By profiling underrepresented groups in the tech industry, Price hopes to “show the outside world a more comprehensive picture of people who work in tech, and to bring a bit of attention to folks in the industry whose stories have never been heard, considered or celebrated.”
The San Francisco-based photographer has profiled over 100 tech industry professionals from all walks of life, recasting stereotypes and painting the tech industry as a more inclusive place in the process.
“We believe storytelling is a powerful tool for social impact and positive change,” said Price.
Aside from the biases present when interviewing, hiring and retaining minority workers, the ensuing culture of homogeneity in tech serves as another barrier to entry for women, people of color, LGBTQ professionals and people over a certain age.
The numbers are daunting: A whopping 43 percent of all workers at Google, Facebook, Twitter, Microsoft, Apple, Amazon and Intel are white males.
Women make up just 29 percent of employees, while Hispanic, black and Asian workers of both genders make up a combined 38 percent. LGBTQ people in tech fare better statistically, but still experience high levels of discrimination on the job.
In many ways, this creates a catch-22 situation in which the devastating lack of diversity discourages women and minority groups from entering these lucrative fields in the first place.
For example, an impressive 74 percent of young women express interest in STEM fields. But, young women hold just 18 percent of computer science degrees, according to Girls Who Code.
Finding new perspectives in tech
This lack of diversity affects more than just women, people of color and the LGBTQ community.
The Department of Labor predicts that 1.4 million STEM-related jobs will be created by 2020, but U.S. graduates are only on pace to fill 29 percent of them. Moreover, women and minority groups in tech experience a smaller average wage gap relative to men, suggesting that tech is in some ways a vehicle for wage equality and overall economic growth.
Most notably, this culture of exclusivity hurts the tech industry itself. A lack of diversity among tech workers ultimately leads to a lack of diversity in terms of the perspectives offered, the problems solved and the people helped.
“The status quo is to expect underprivileged people to go and behave like the white men in the industry. The more you can behave like these men, the better you will do,” said February Keeney, a trans woman working in tech who was profiled for the Techies project.
“[The tech industry] does better when we don’t just look for women that emulate men but we look for women and people of diverse backgrounds…they bring a slightly different tone and perspective on things,” Keeney continued.
Keeney suggests building out support networks at tech companies in order to avoid pushing out women and minority workers after just a few years in the industry.

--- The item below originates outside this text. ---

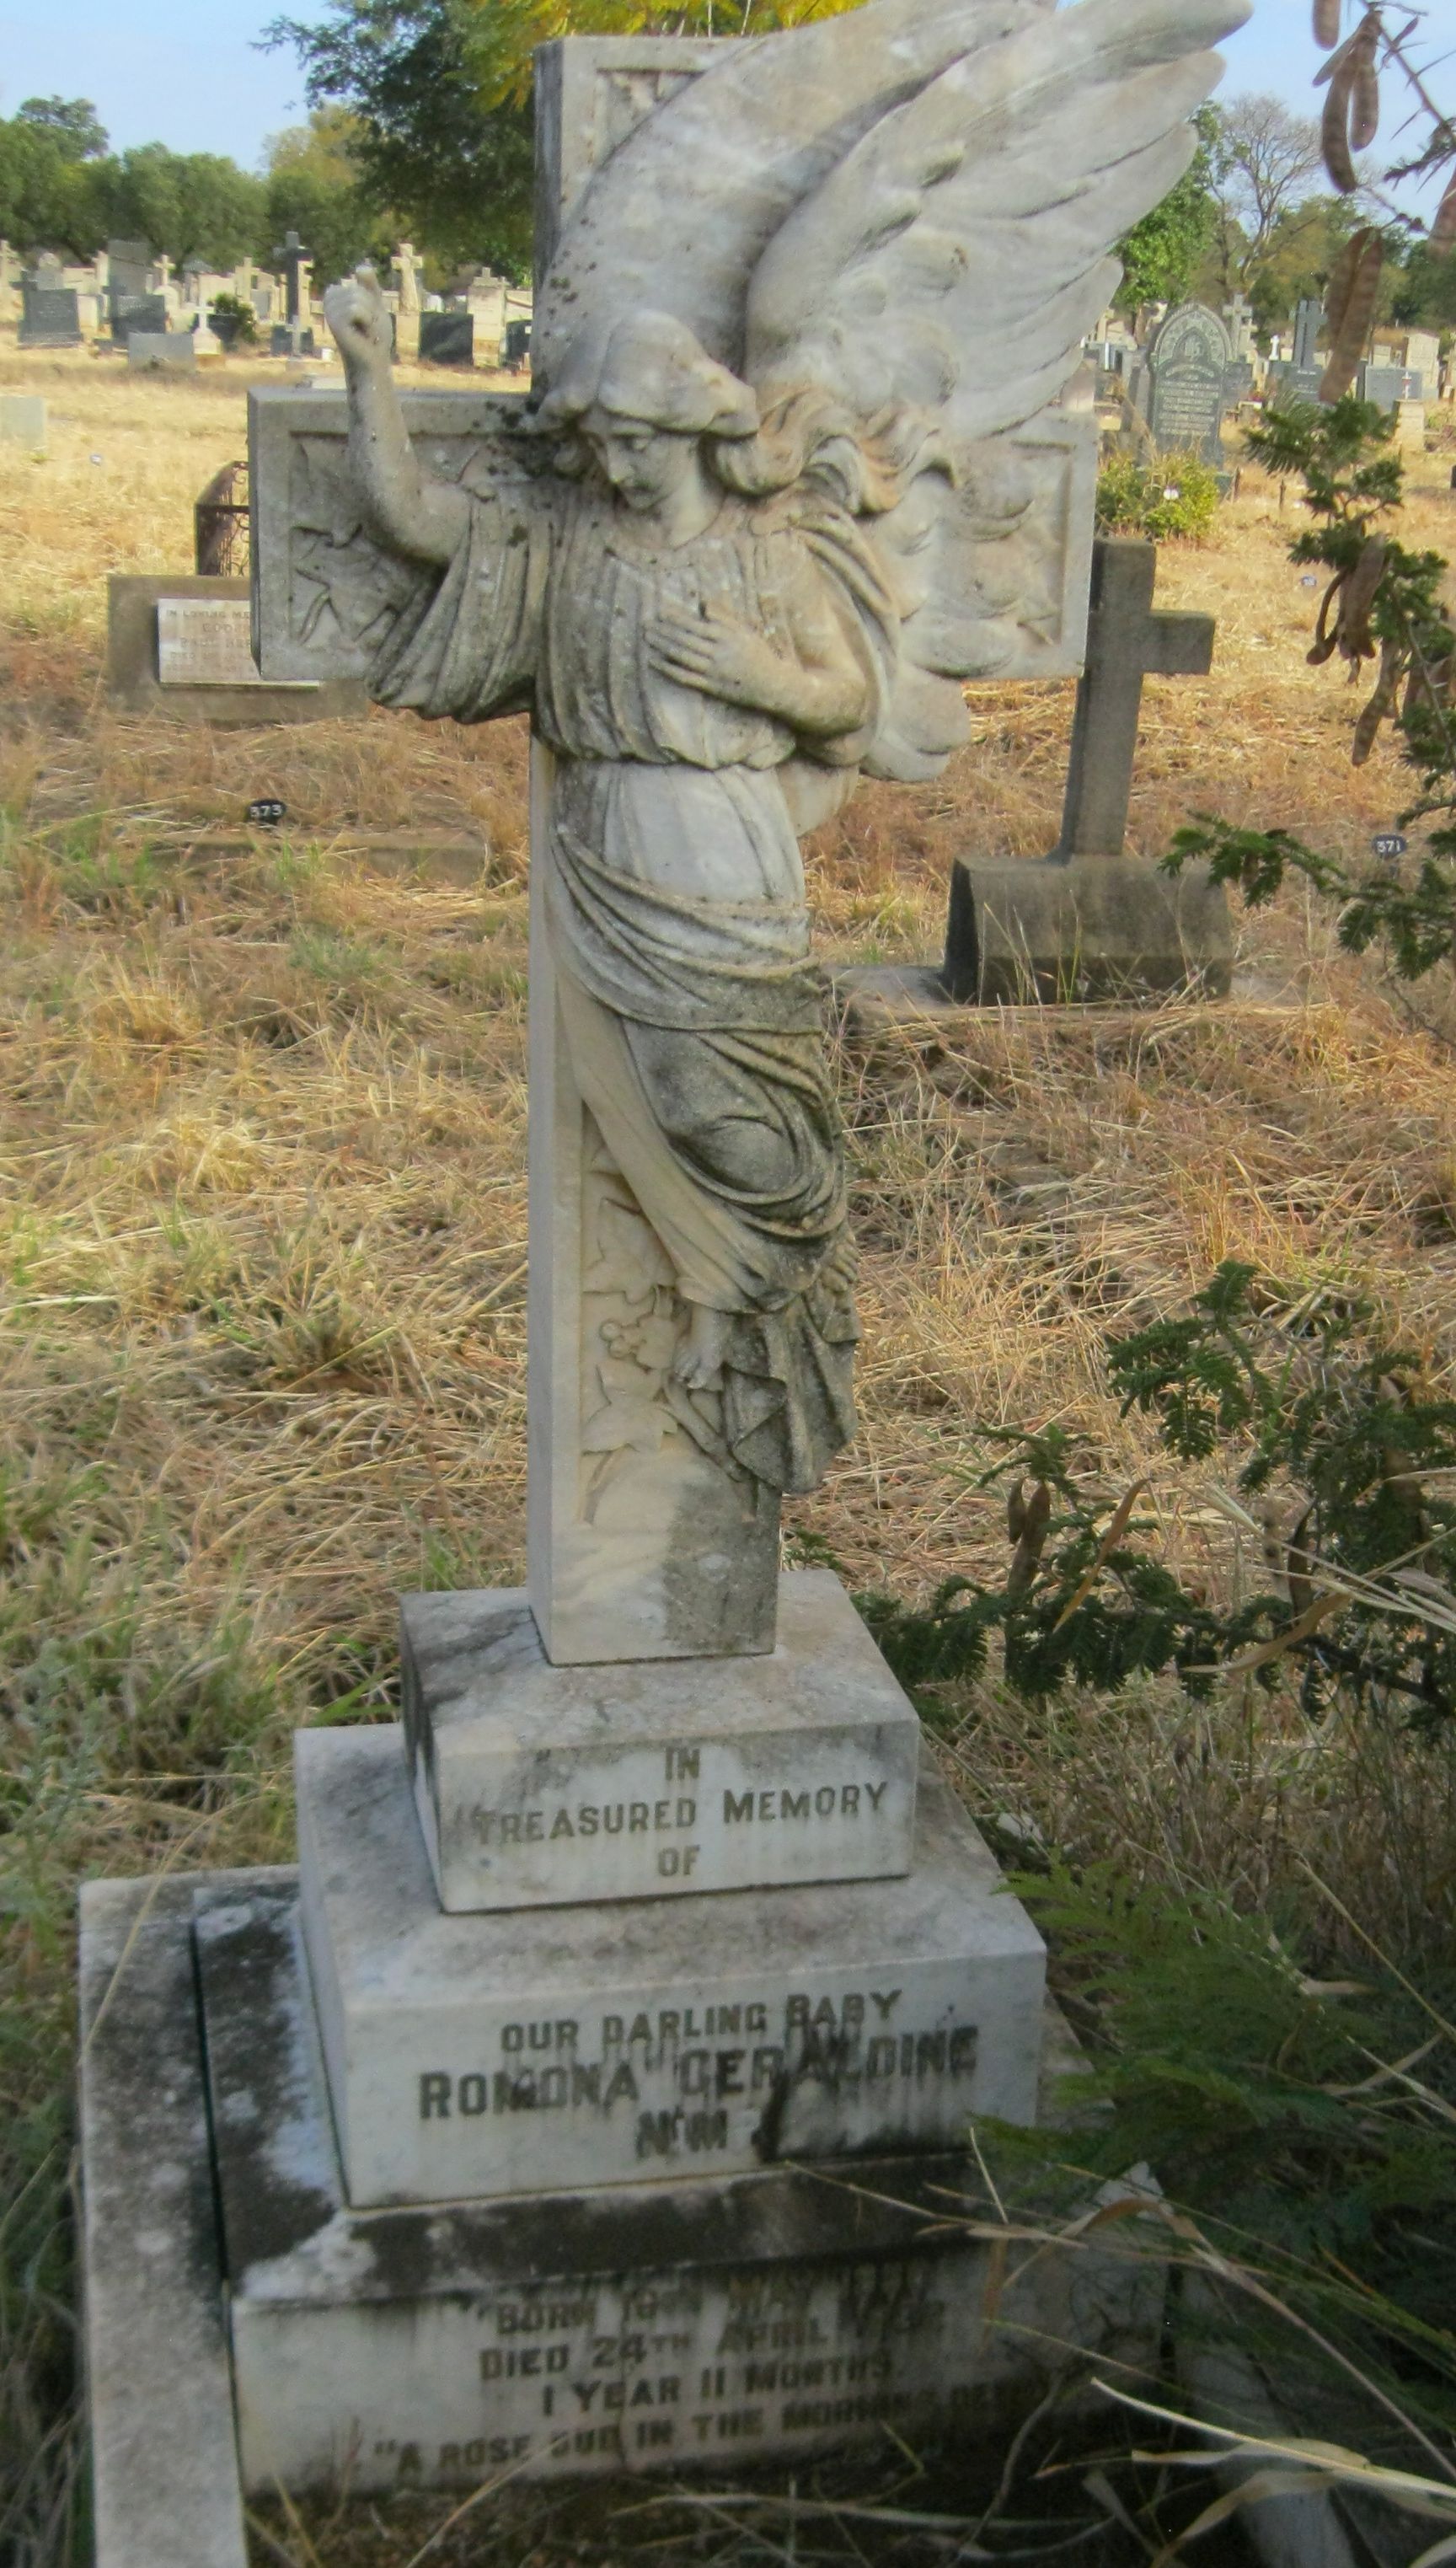 cemeteries_headstone_byo_nimr_1932

“We’re definitely seeing a lot more companies trying to fix their diversity from this big number-game side of it and be like, ‘Well, we need to hire more women, we need to hire more people of color,'” explains Keeney. “That by itself is not good enough…if we just hire diversity and don’t build support networks, those people will be bullied out.”
Until the tech industry successfully diversifies its workforce, app developers, coders and web designers will likely be solving the same set of problems affecting the same group of people. It would be in tech executives’ best interest to integrate different perspectives, opinions and solutions into their workplace culture by way of diversity and inclusivity.